I'm really amazed by the fact that many people speak a lot about inclusivity these years and that at the same time we seem to be making everything possible to complicate participation to world-wide projects using excentricities like this. I'm not a native english speaker myself, yet I make the effort of writing all my comments in this language, my doc as well, naming variables and functions this way etc, hoping that they're accessible to others. Sometimes I make mistakes in the naming and it takes me lots of efforts to find the most suitable names. Be it, I'm doing my best. But I long ago stopped writing using my native language (french), using accents or even other non-ASCII characters that I used to find convenient to refer to paragraphs etc, just because it was a pain for others to deal with (e.g. find another occurrence in the file, copy-paste it everywhere needed is not respectful of others).

Thus indeed I would like to have an option to make sure these extremely rare and most often accidental practices disappear from code I'm in charge of, without having to be rude to contributors. It's much better for them to see a warning during "make" than having someone ask them to write something differently in a comment.

Malcolm: Prevent Trojan Source attacks with GCC 12

Posted Jan 14, 2022 15:06 UTC (Fri) by gspr (guest, #91542) [Link] (6 responses)

> In general in computer languages, the intersection between what everyone can deal with is ASCII.

But the intersection of what everyone can deal with and what is necessary for everyone is probably empty. In that case, settling for ASCII is rather arbitrary.

> The rest is causing trouble to *some* participants.

So does ASCII!

> Sure, within a company or a bunch of buddies from the same school or country you can write in your own language and not care about the trouble caused to anyone else trying to participate to your project. But when you start to have to deal with characters that do not exist on your keyboard, the same one that you're using to write "main()", "#include" or "const unsigned", it starts to become annoying.

Annoying… for you, yes. The person whose name is not ASCII-safe might see the situation differently. (This is not a personal gripe; my name is ASCII-safe and I almost exclusively write and code in English)

> I'm really amazed by the fact that many people speak a lot about inclusivity these years and that at the same time we seem to be making everything possible to complicate participation to world-wide projects using excentricities like this.

Excentricities like what?

> I'm not a native english speaker myself, yet I make the effort of writing all my comments in this language, my doc as well, naming variables and functions this way etc, hoping that they're accessible to others.

Well, that's great. I do, too. But I find that using non-ASCII symbols, especially in comments, to describe mathematically motivated code is extremely useful and clarifying.

> Sometimes I make mistakes in the naming and it takes me lots of efforts to find the most suitable names. Be it, I'm doing my best. But I long ago stopped writing using my native language (french), using accents or even other non-ASCII characters that I used to find convenient to refer to paragraphs etc, just because it was a pain for others to deal with (e.g. find another occurrence in the file, copy-paste it everywhere needed is not respectful of others).

OK, so you chose to forego your native language for the sake of what's convenient for you. You may disagree with people who don't want to forego theirs, but it's a bit weird to write them off.

Malcolm: Prevent Trojan Source attacks with GCC 12

Posted Jan 15, 2022 10:51 UTC (Sat) by tialaramex (subscriber, #21167) [Link] (5 responses)

As an example of an eccentricity, ASCII has _case_ which is a really weird feature where some of the symbols are available in two varieties with almost but not quite the same meaning, but, it only has case for its set of twenty six Latin letters, not for the digits for example, even though digits can have case, we just didn't bother mapping that and it fell out of use. It's so rarely used, let alone needed for the digits, that Unicode didn't even bother distinguishing either. But case was preserved for the Latin letters despite this.
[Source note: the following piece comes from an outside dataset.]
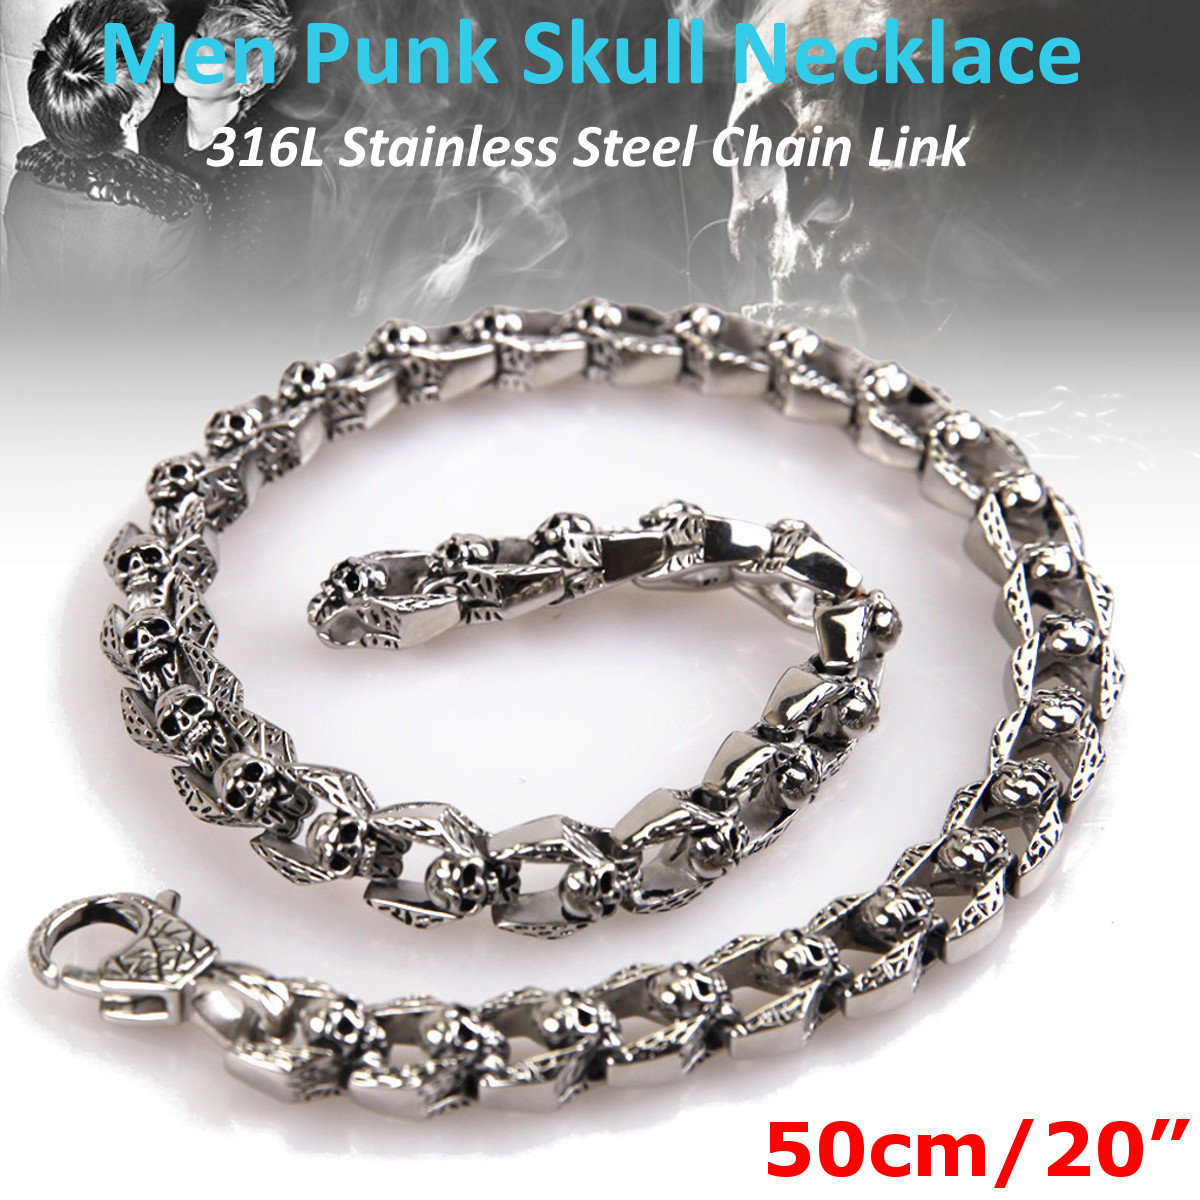 Men's Heavy Vintage Gothic Skulls Chain Link Stainless Steel Necklace 20" 147g

On the other hand, ASCII lacks the proper quote marks having chosen to go with typewriter-style "straight" quotes to save space, and it can't spell some English words in the conventional way because it lacks accented letters. It is an odd duck. Like C it was probably a good choice in the decade when I was born, but is not The Right Thing today.

Malcolm: Prevent Trojan Source attacks with GCC 12

Posted Jan 15, 2022 11:25 UTC (Sat) by mpr22 (subscriber, #60784) [Link] (3 responses)
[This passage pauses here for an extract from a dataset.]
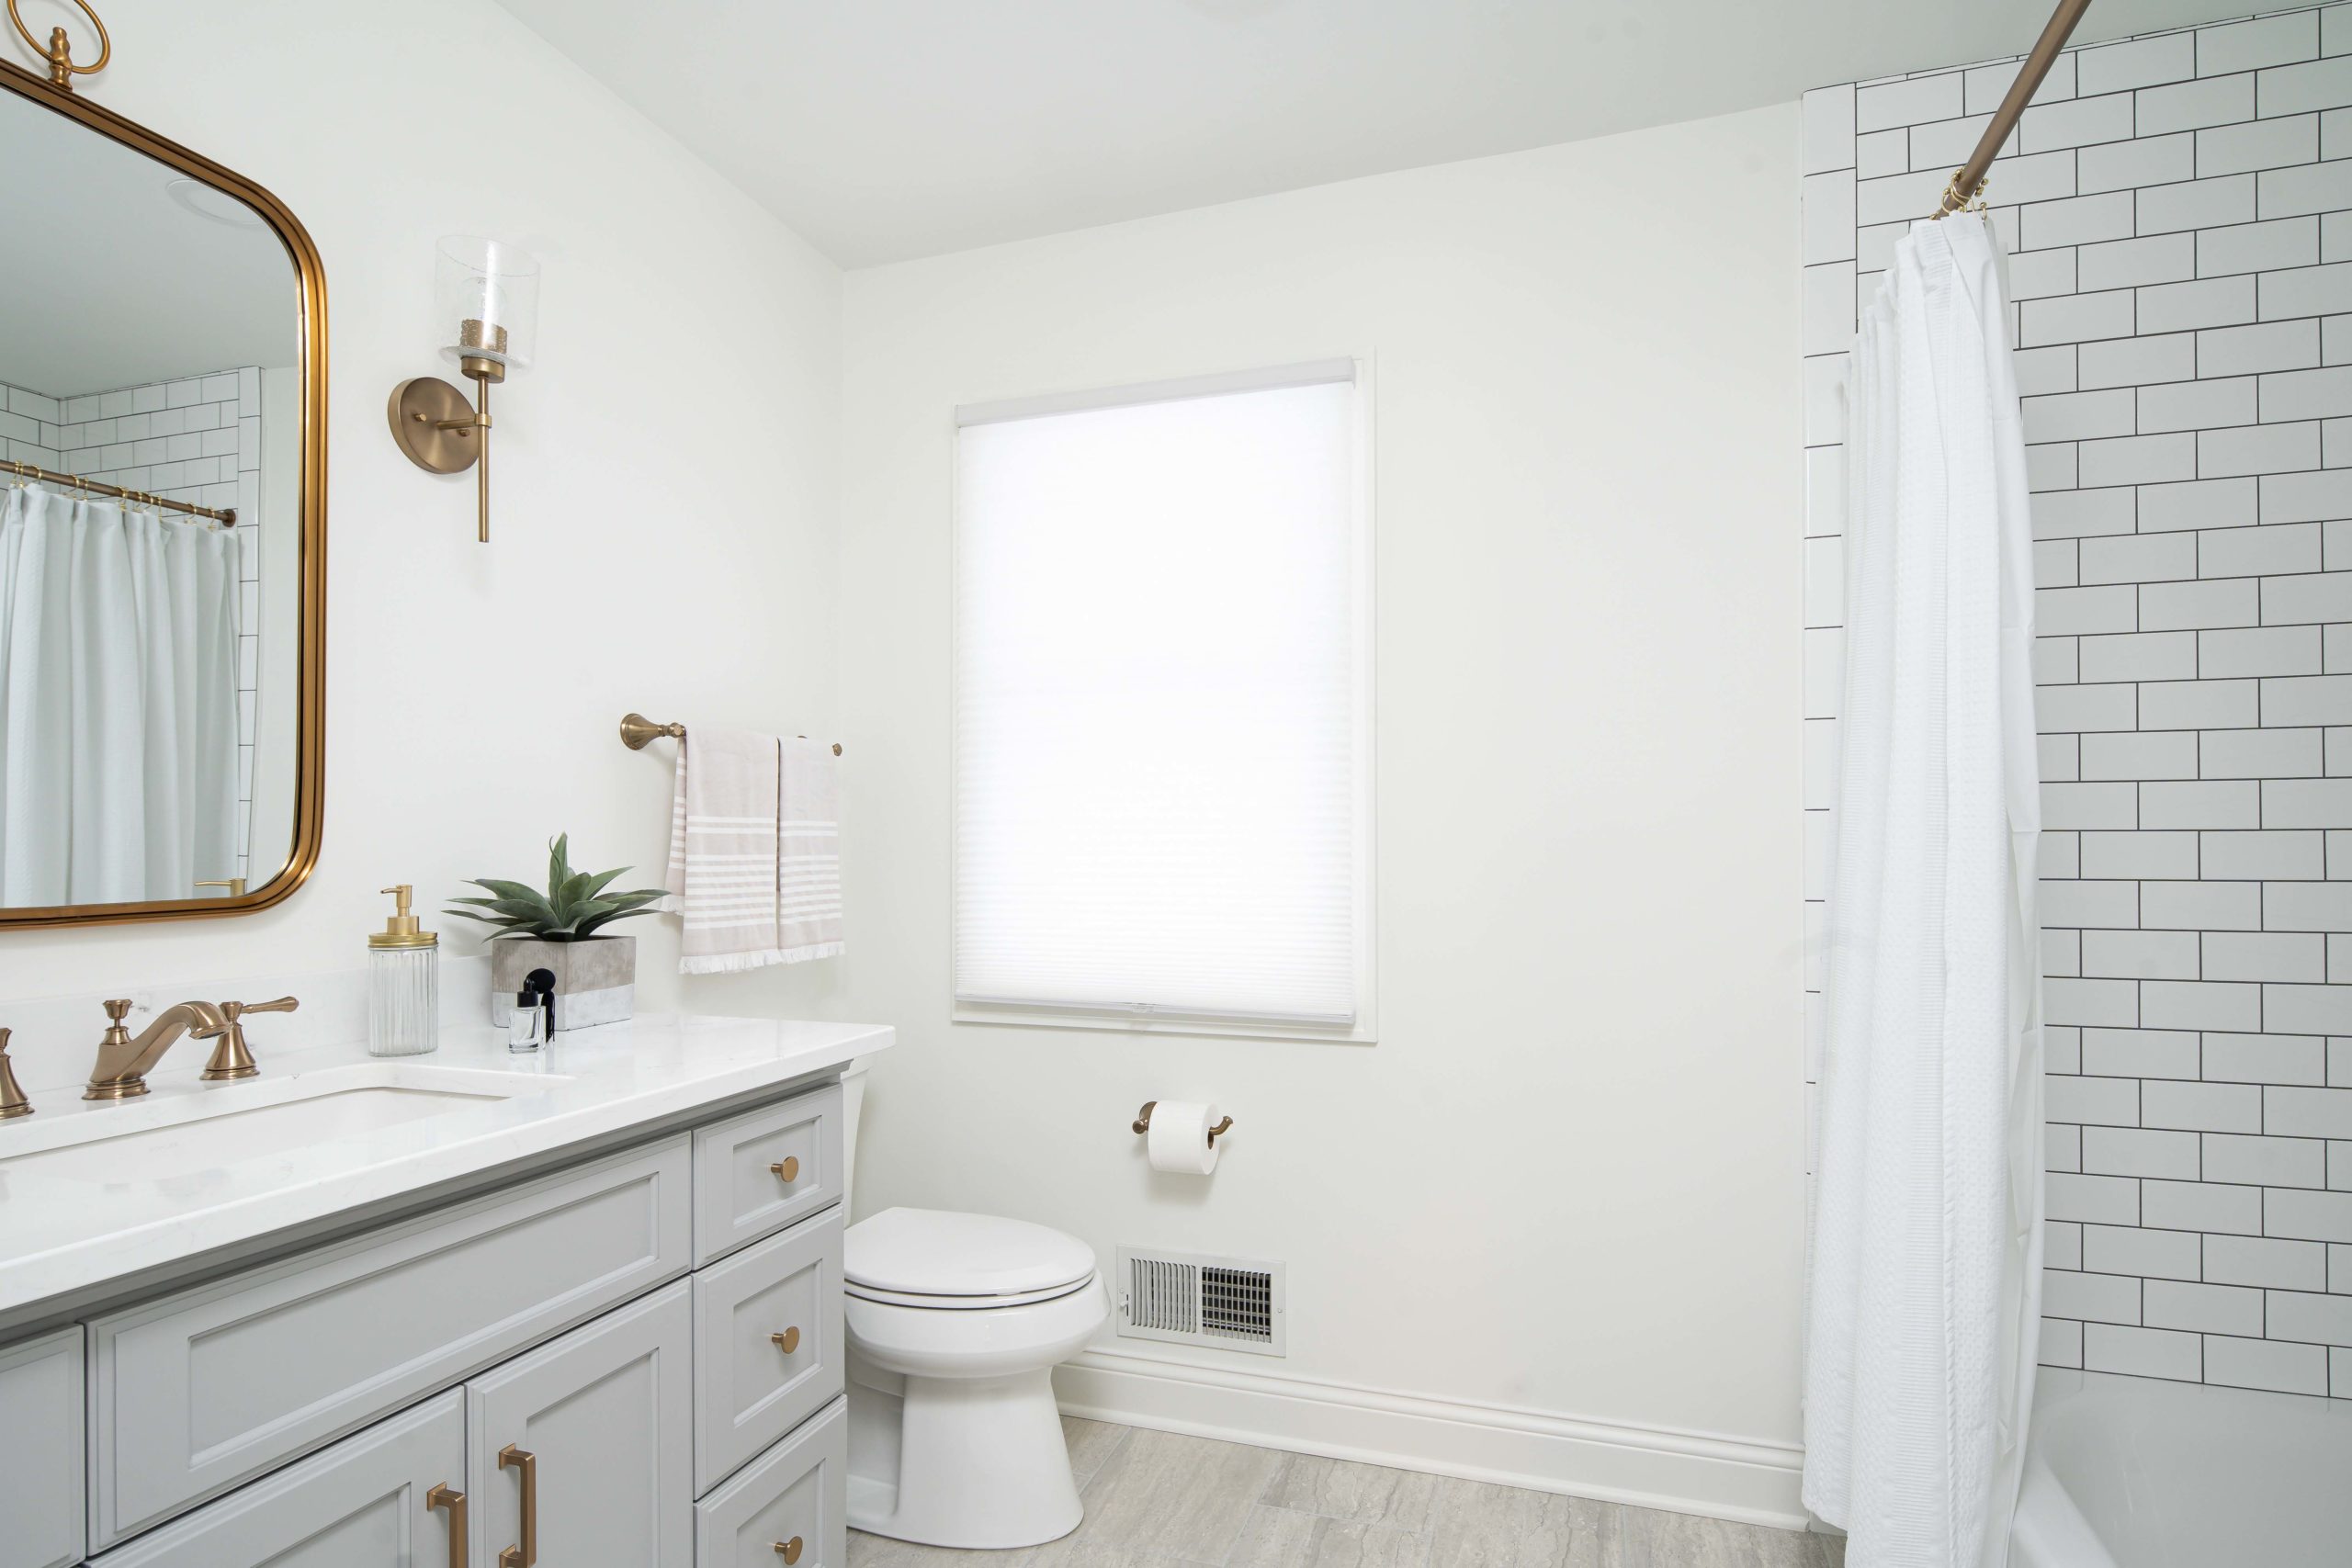 A white and gold bathroom with a toilet and sink, perfect for a kitchen remodel.

> it can't spell some English words in the conventional way because it lacks accented letters.

I suspect most native English speakers probably never spelled naïve, coöperate, and fiancé(e) with the accented letters (even 35 years ago when I was in primary school and we all still had to use pen(cil) and paper for ~100% of schoolwork) anyway :)

Malcolm: Prevent Trojan Source attacks with GCC 12

Posted Jan 15, 2022 12:25 UTC (Sat) by mathstuf (subscriber, #69389) [Link] (2 responses)

The "coö-" spellings are certainly out of favor (except at the New Yorker). I still use "naïve" and "fiancé". I think "café" is probably among the words that keeps the accent the most IME. Also, "Pokémon" is common enough in certain circles (though probably copy/pasted).

Malcolm: Prevent Trojan Source attacks with GCC 12

Posted Jan 15, 2022 12:37 UTC (Sat) by mpr22 (subscriber, #60784) [Link] (1 responses)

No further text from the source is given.